____ Source material

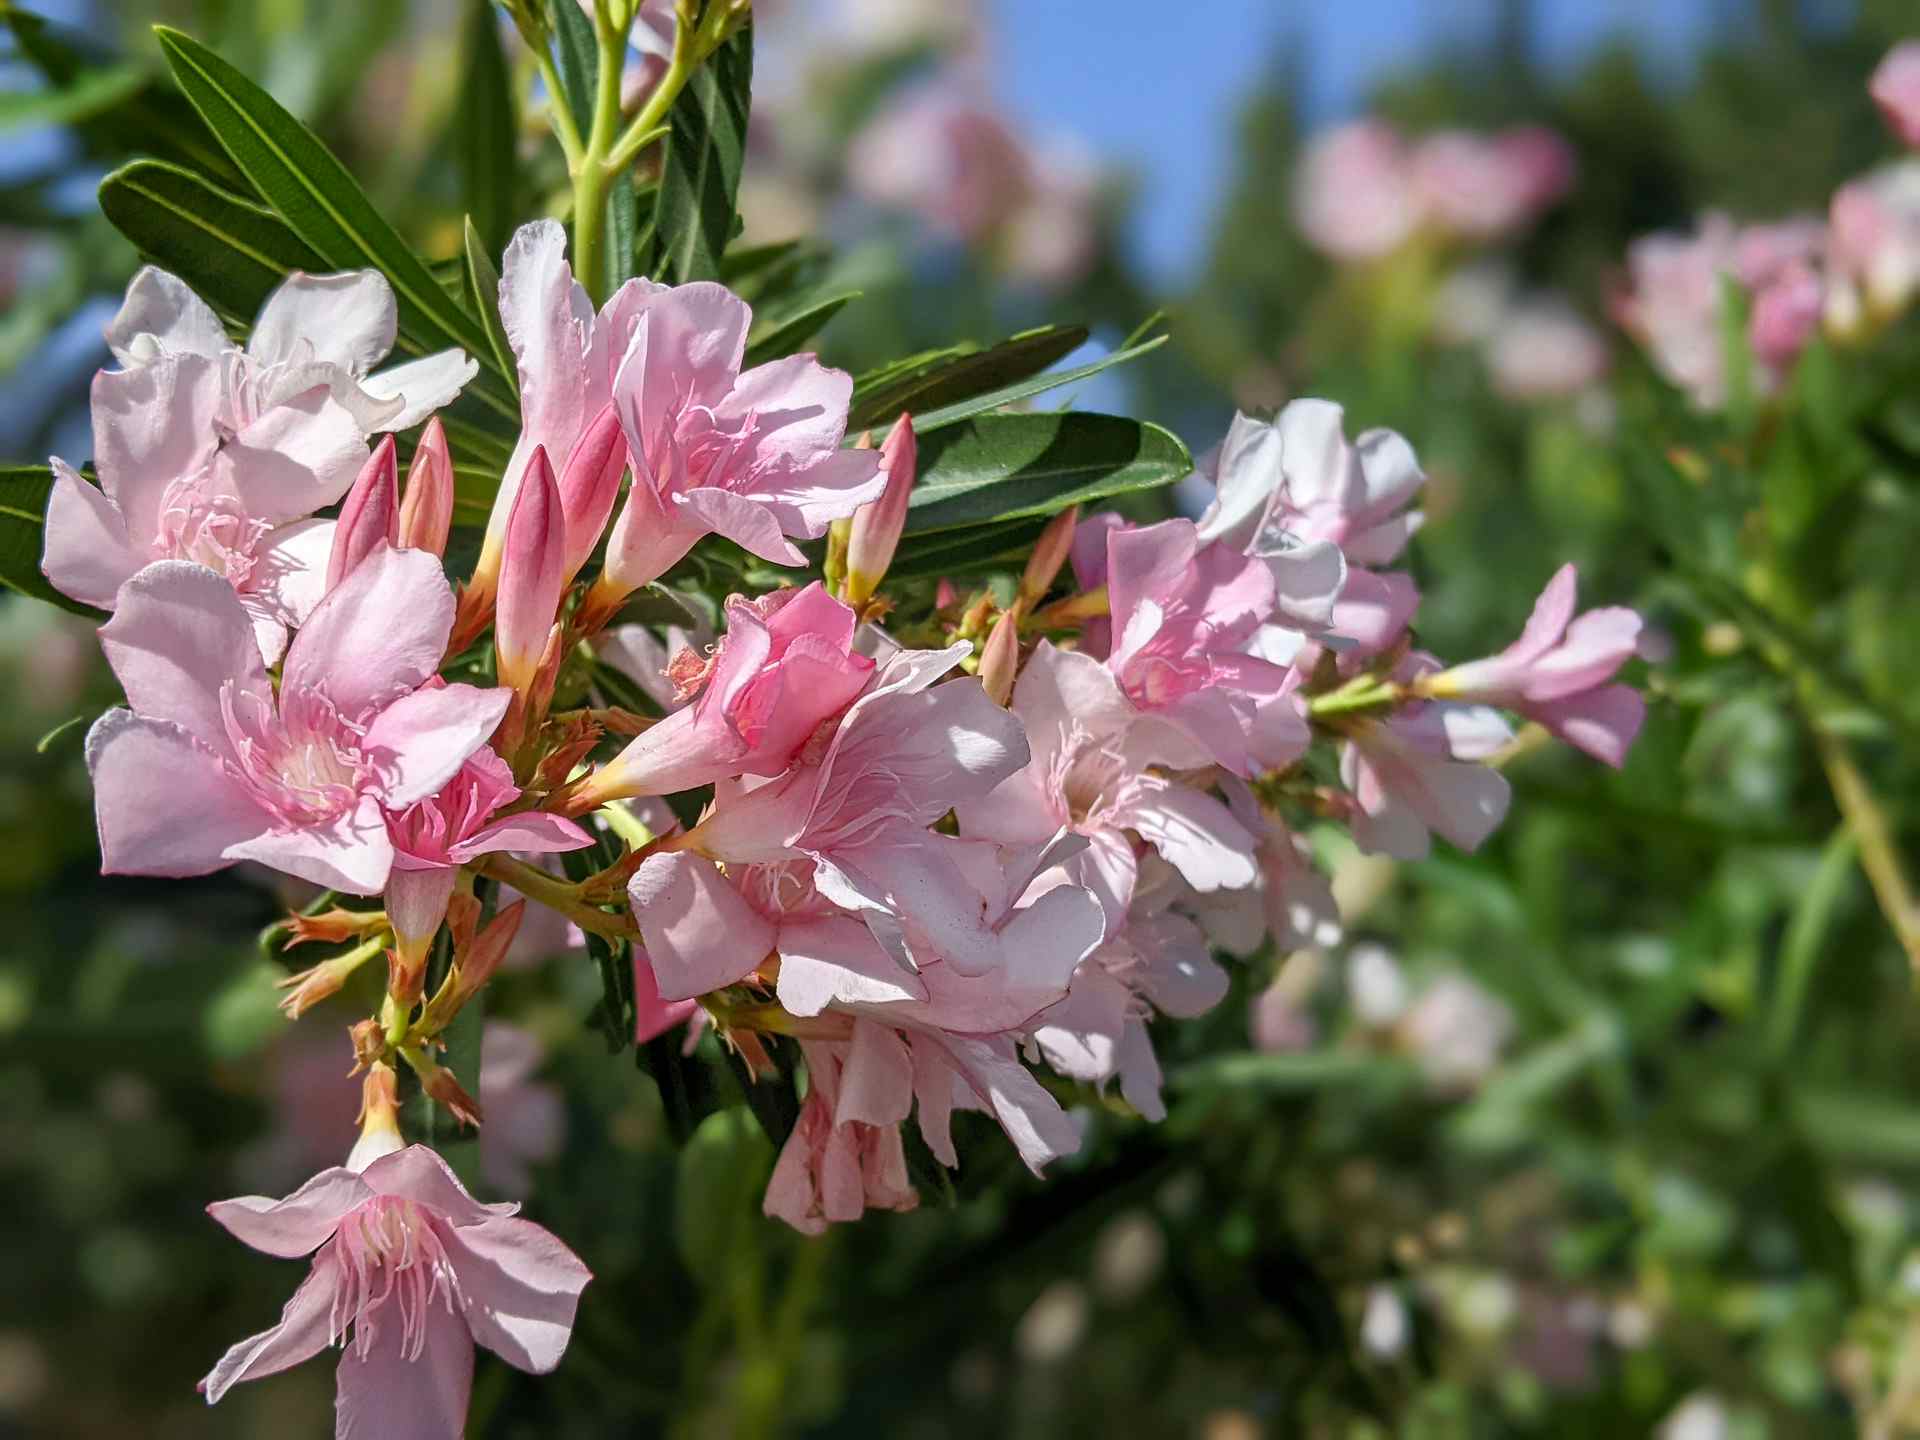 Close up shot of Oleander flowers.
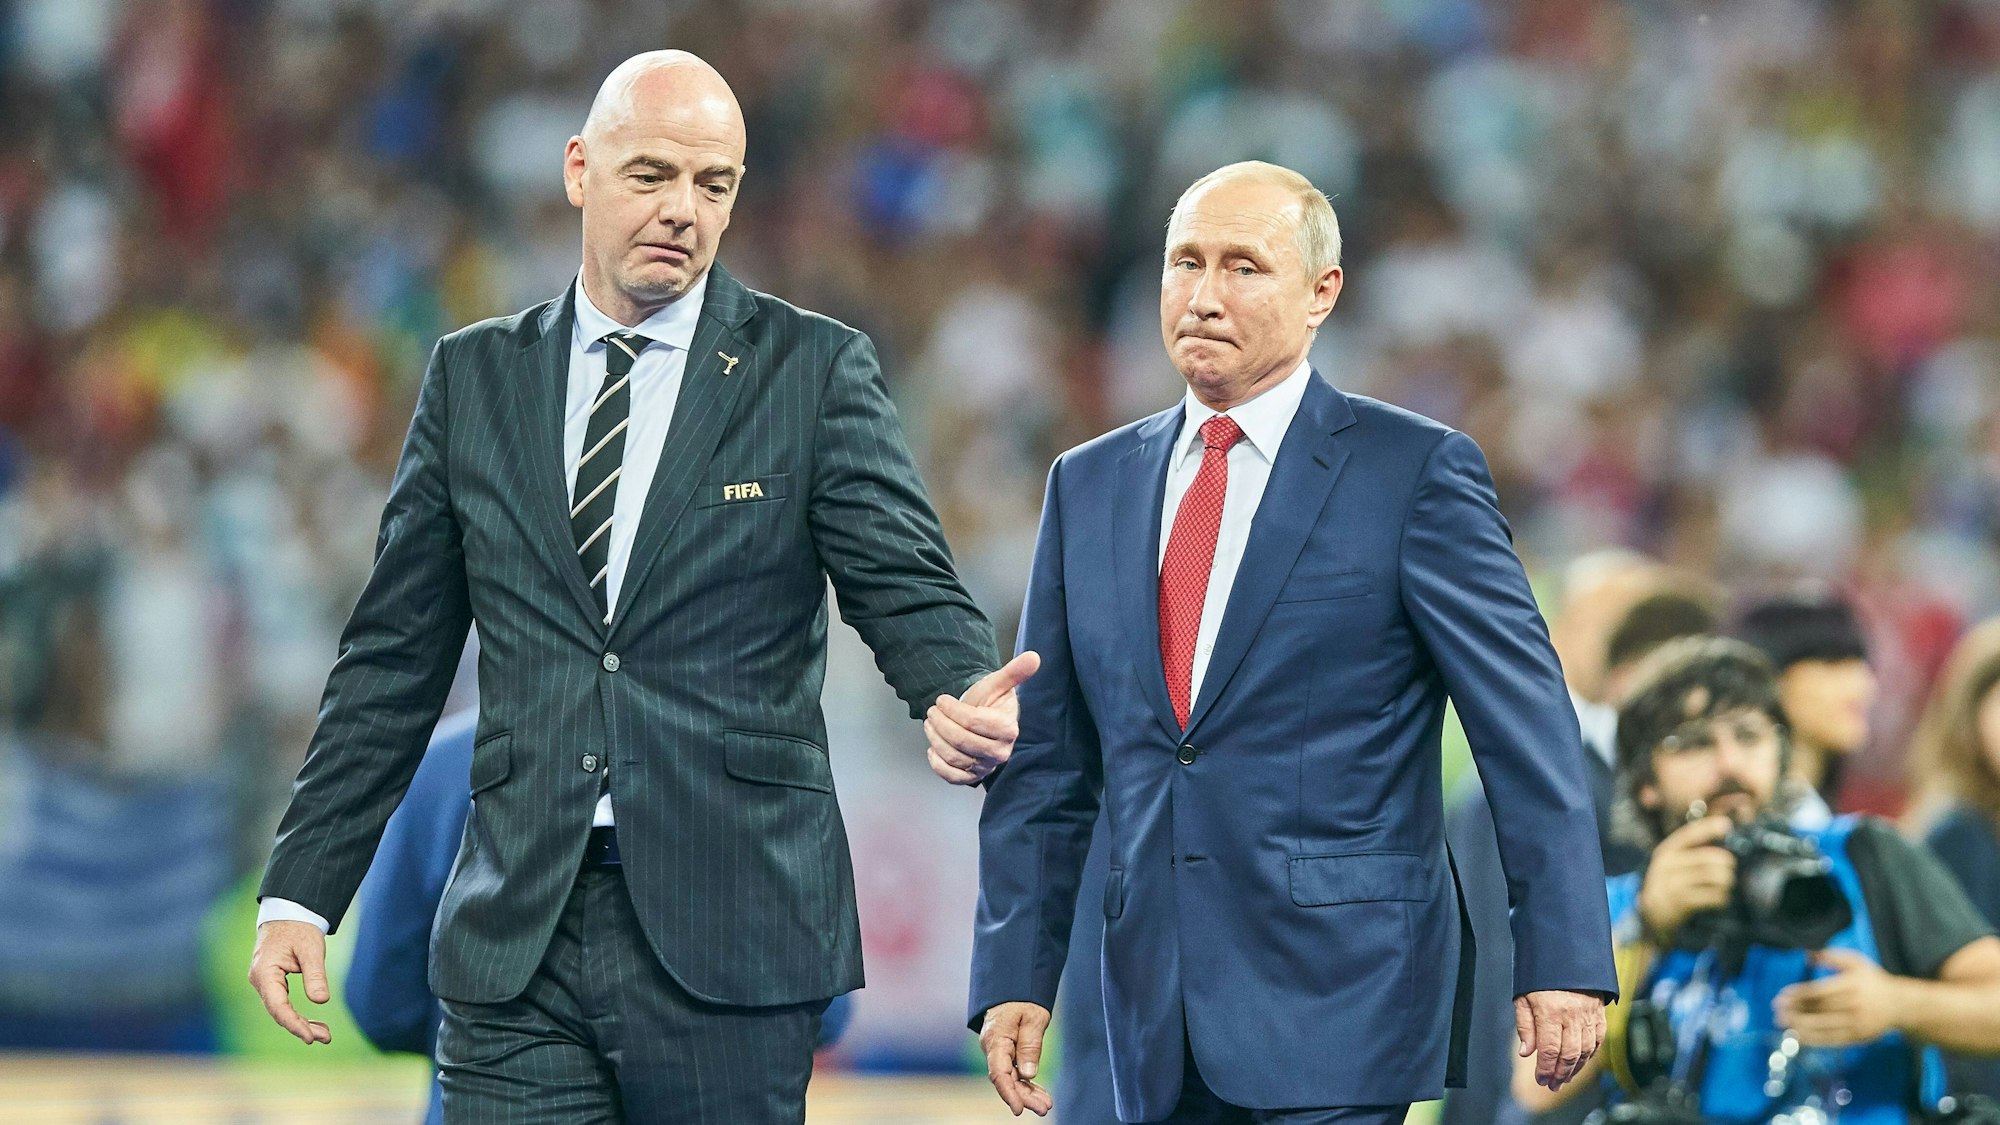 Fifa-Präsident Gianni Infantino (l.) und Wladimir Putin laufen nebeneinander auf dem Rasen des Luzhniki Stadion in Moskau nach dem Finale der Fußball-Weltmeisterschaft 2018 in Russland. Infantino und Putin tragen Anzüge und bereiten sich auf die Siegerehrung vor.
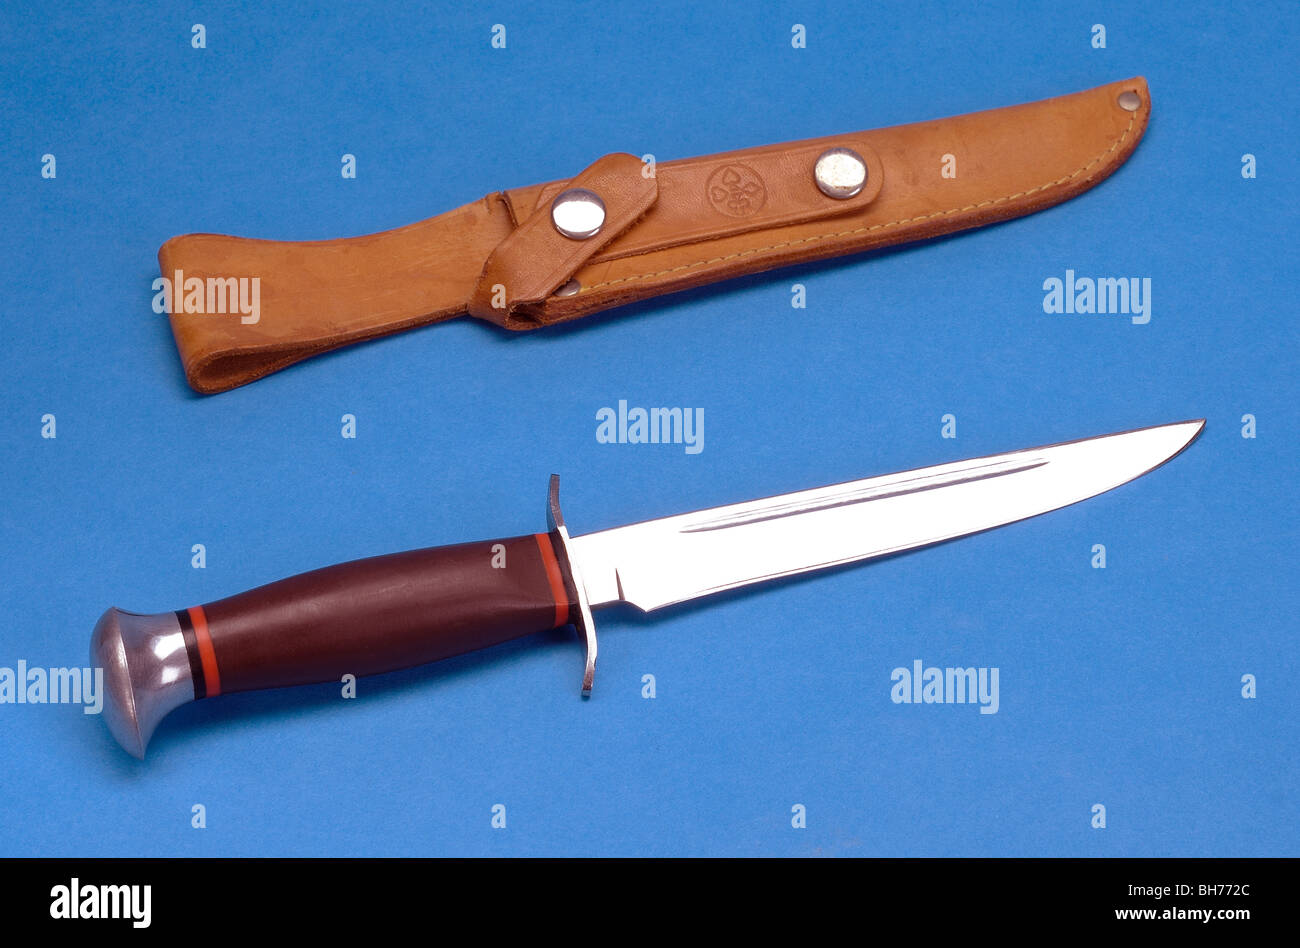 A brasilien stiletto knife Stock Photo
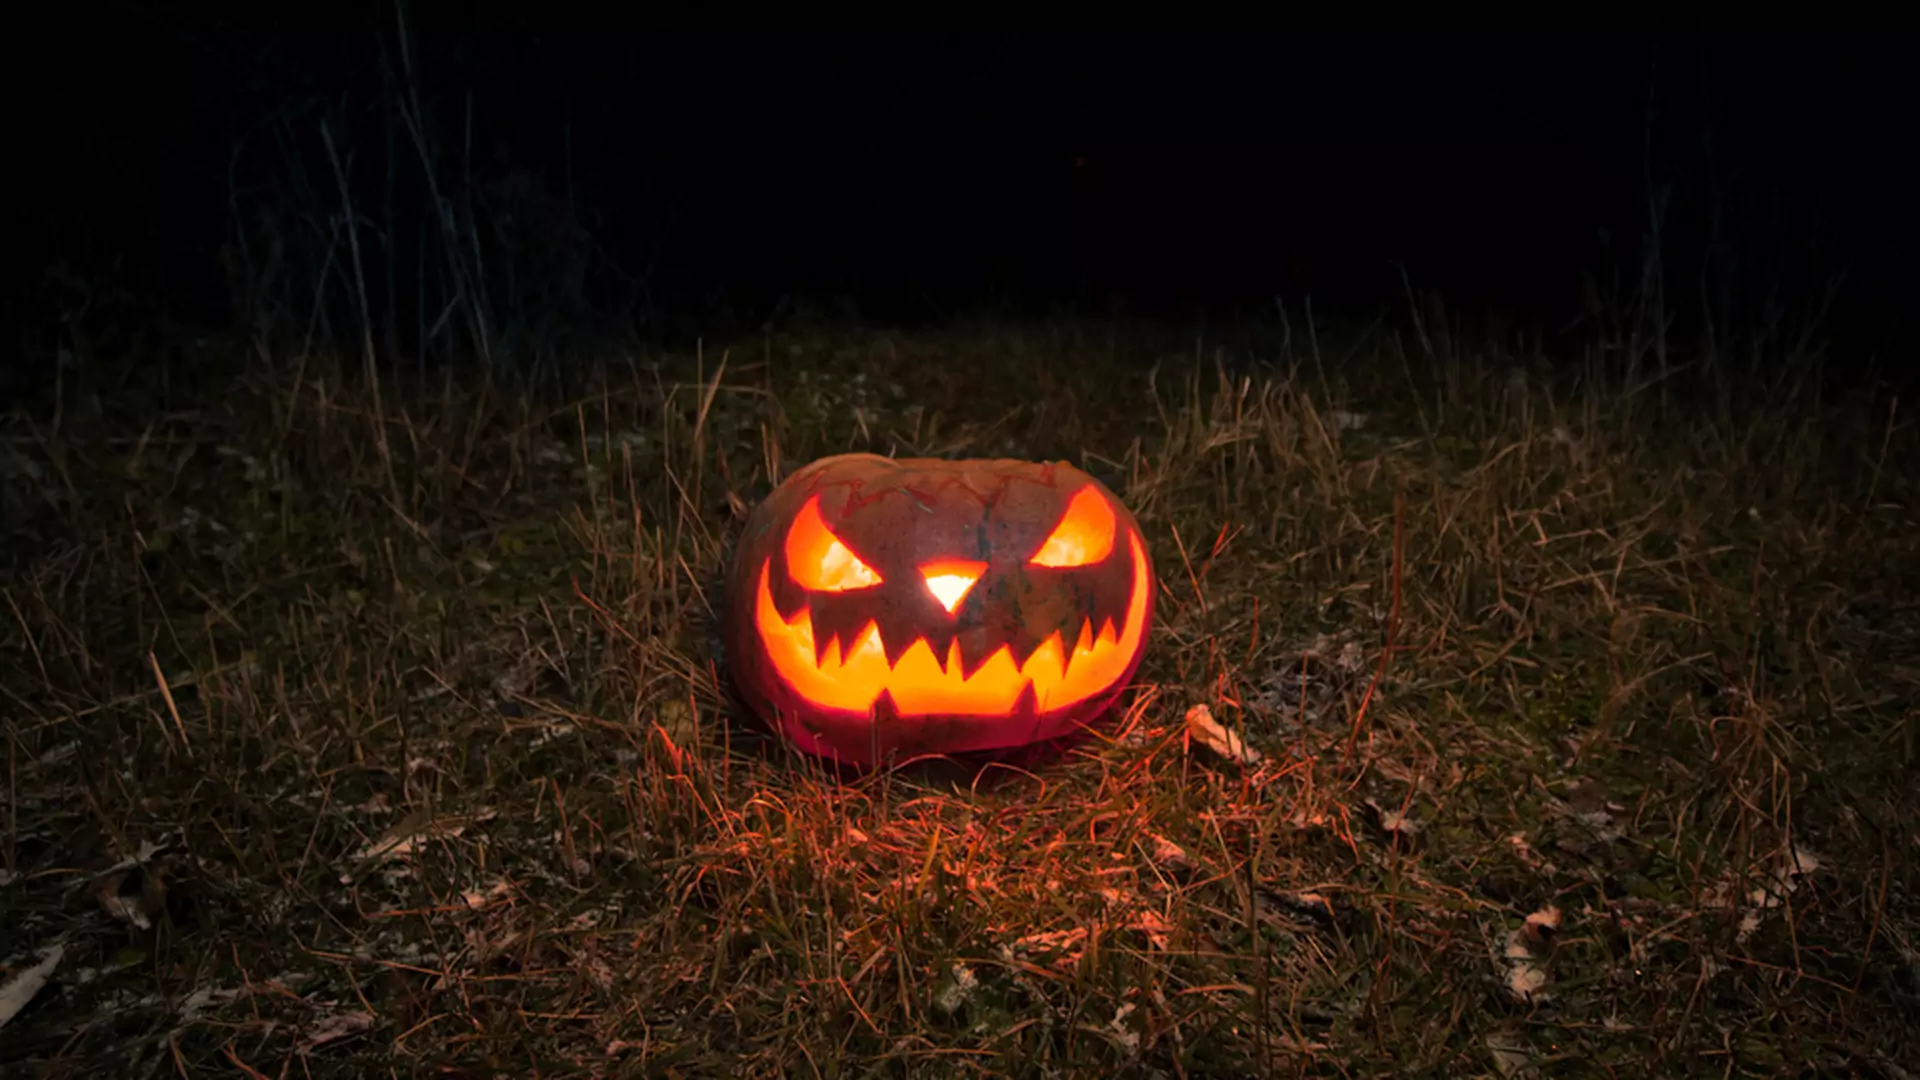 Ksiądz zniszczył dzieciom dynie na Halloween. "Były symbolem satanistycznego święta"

________

◆ Activity: Extract the full listing exactly, with the pictures left out.

◆ Result of this task:
 Close up shot of Oleander flowers.
 Fifa-Präsident Gianni Infantino (l.) und Wladimir Putin laufen nebeneinander auf dem Rasen des Luzhniki Stadion in Moskau nach dem Finale der Fußball-Weltmeisterschaft 2018 in Russland. Infantino und Putin tragen Anzüge und bereiten sich auf die Siegerehrung vor.
 A brasilien stiletto knife Stock Photo
 Ksiądz zniszczył dzieciom dynie na Halloween. "Były symbolem satanistycznego święta"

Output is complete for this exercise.